The Just Transition is a set of principles that foresaw this tipping point coming (Common Weal is a member of the Just Transition Partnership – an advisory and advocacy group set up in 2016 to promote these principles) and tried to learn the lessons of the demise of the coal industry which saw entire communities devastated when what was often the keystone employer shut up and left without any kind of coherent replacement or transition being in place. Many of those communities are still some of Scotland’s poorest and most deprived.
One of the main principles of the Just Transition is that it should directly support workers to make the jump from a fossil fuel job to a renewable energy one. We know that it’s possible. The skills involved in working on an offshore oil rig are very highly compatible with the jobs required to erect and maintain offshore wind turbines.
But we don’t know if it is happening.

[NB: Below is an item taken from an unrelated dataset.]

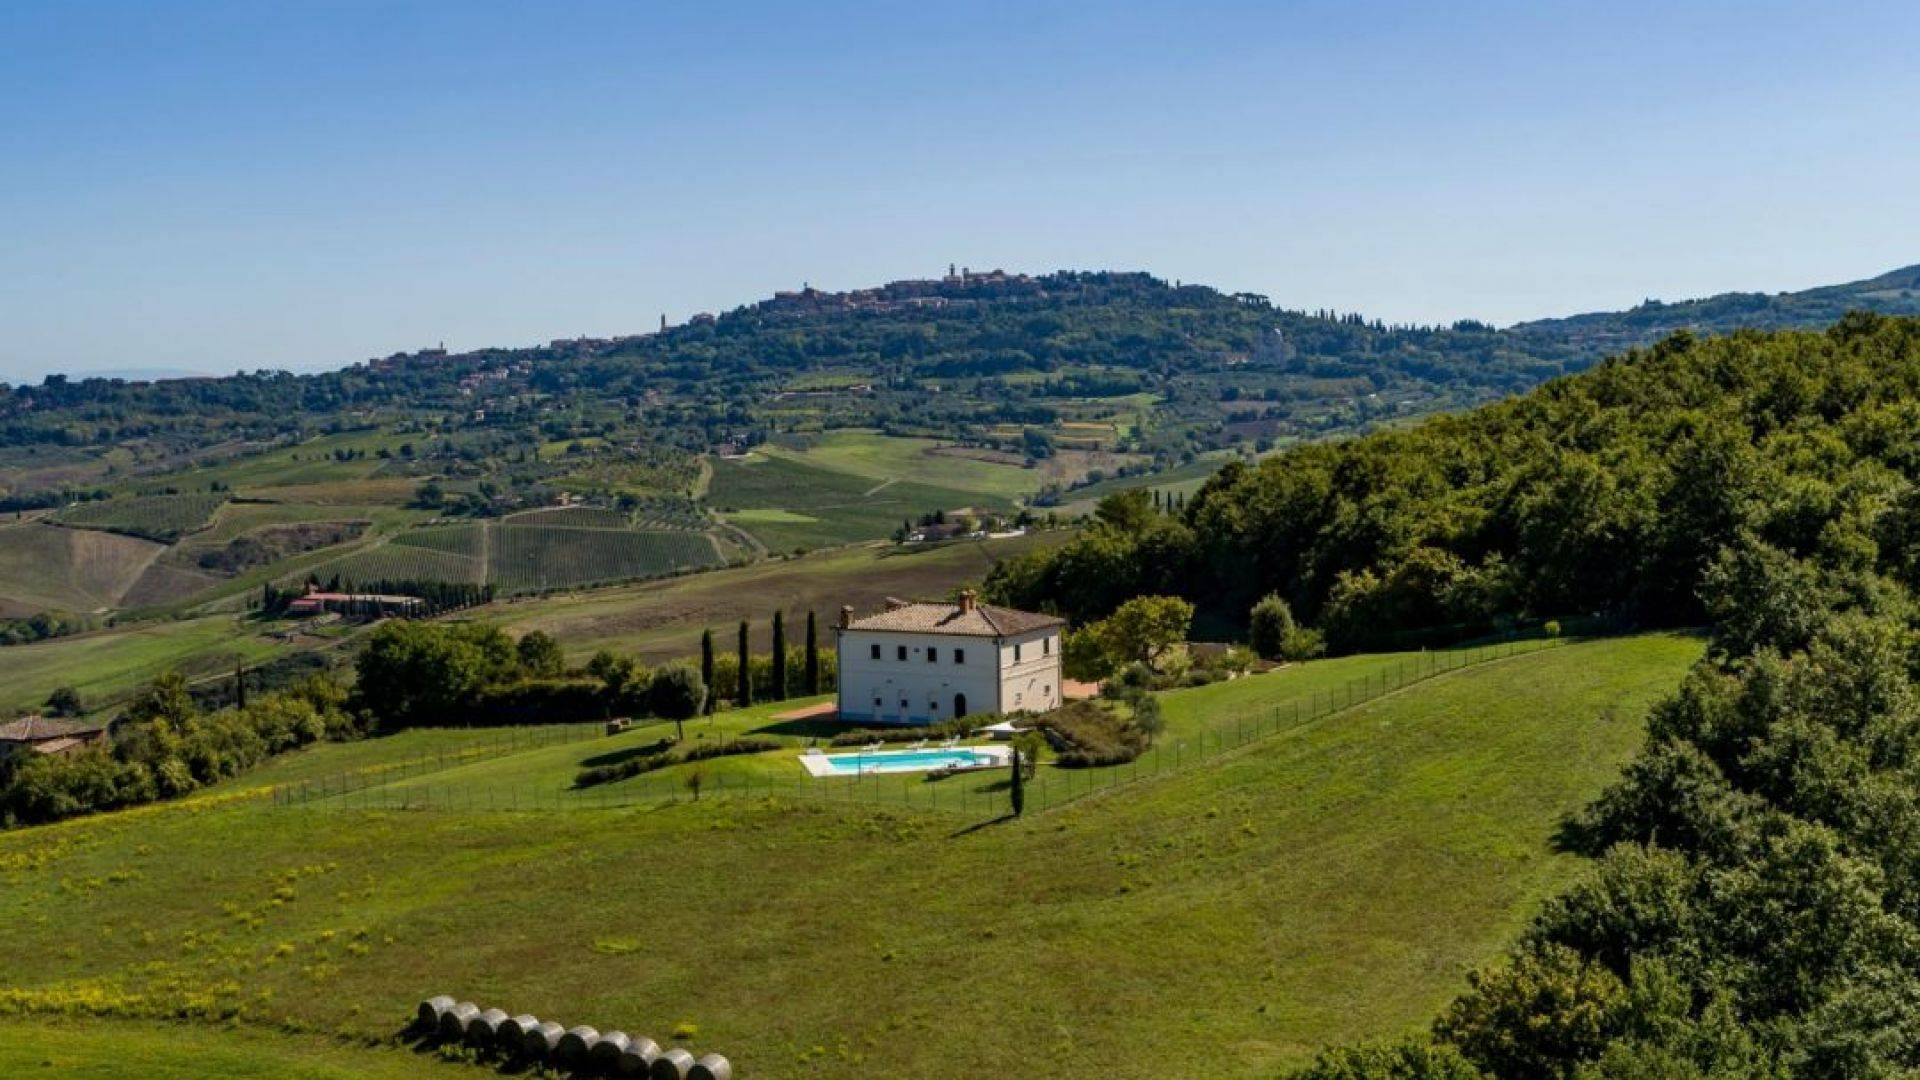 Villa with swimming pool located in a panoramic position, (located in the municipality of Montepulciano but only 9 km from that of Pienza).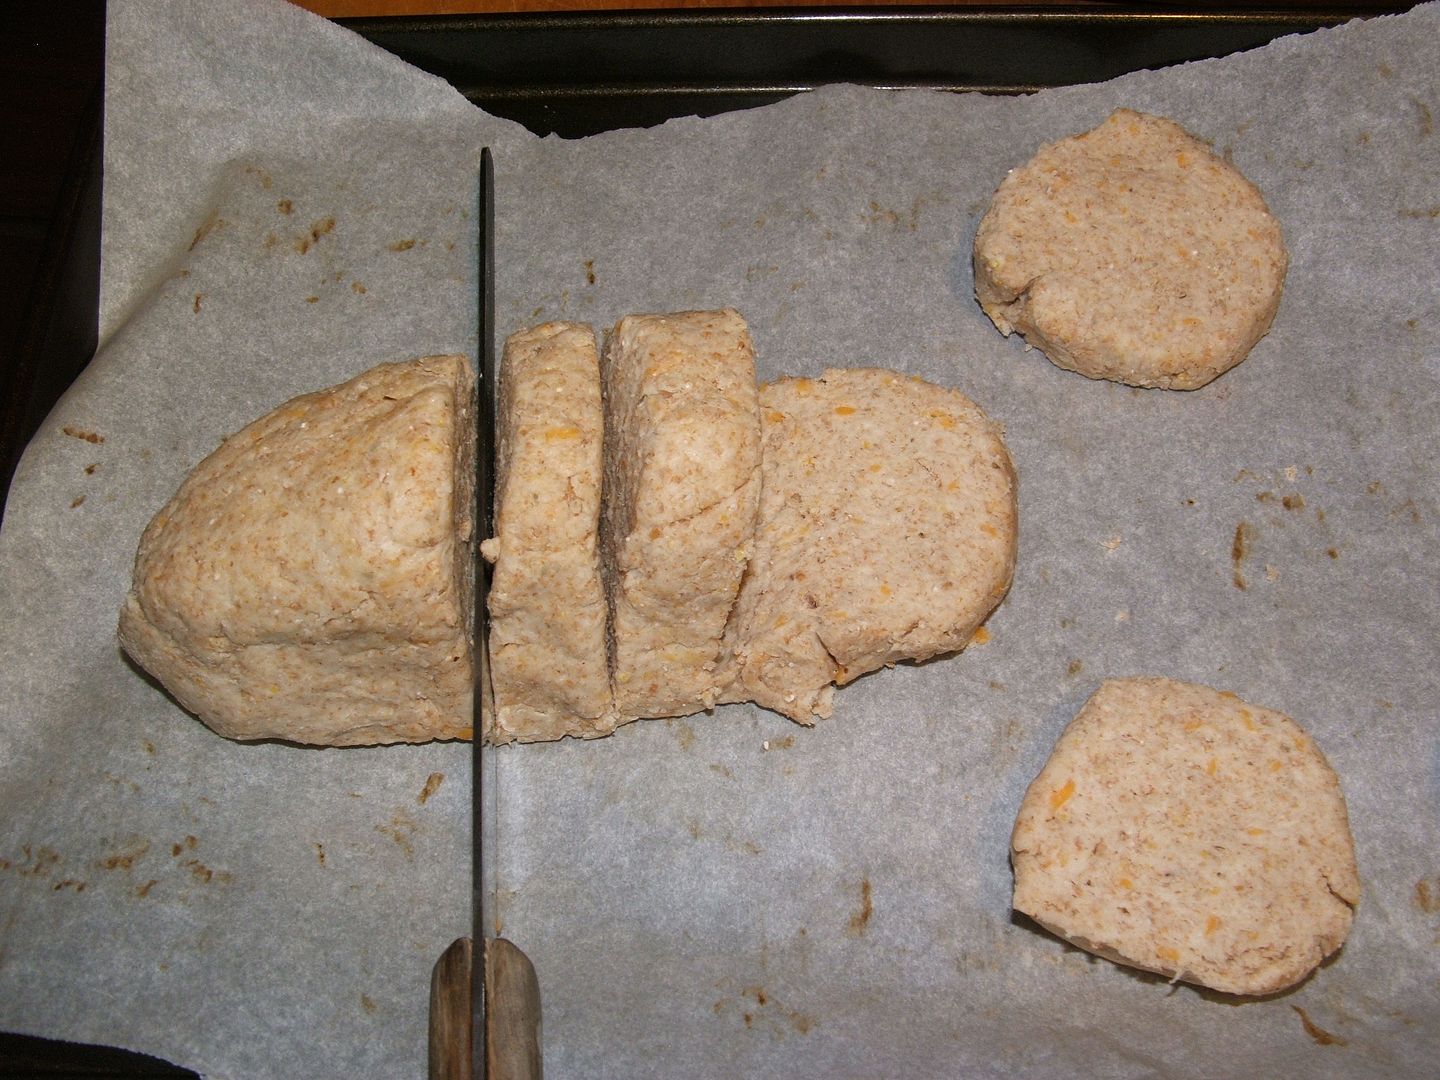 Whole Grain Cheese Biscuits by Angie Ouellette-Tower for godsgrowinggarden.com photo 004_zps80f7f6e1.jpg

The raw numbers of jobs don’t tell us if oil workers are becoming renewable energy workers or whether they are simply being fired and a new engineer is replacing them.
This is why in 2021 – half a decade ago now – Common Weal drove and won a campaign to pass a motion at the SNP conference to create a Just Transition Jobs Register that would track the number of fossil fuel workers who wanted to transition to renewables, would count the number who actually made the jump, and would act as a facilitation mechanism to help make that jump happen.
Unfortunately, the Scottish Government has yet to adopt their own party policy on this, which is why the Herald article breaking the CBI story today points out that the Government is reliant on outside sources like the CBI to monitor the Transition rather than doing the work itself.
There are more aspects to the Just Transition than merely ensuring that the workers move jobs. There are still major issues with wage disparities, work conditions, trade union penetration and representation that also need to be addressed. It’s not just the job that needs to transition – livelihoods need to be protected as well.
The CBI report is broadly good news for Scotland. It shows that we are moving towards the long-predicted energy future at a pace. But it appears to be happening despite insufficient action from the Scottish Government and despite outright climate denial from parties on the Right. We would all be better off if a more strategic approach were taken to make sure that the transition moves even more rapidly than it currently is, and that once it is complete, we look back at the Just Transition that happened with pride, as we move away from oil and not with the shame of broken lives that happened when we moved away from coal.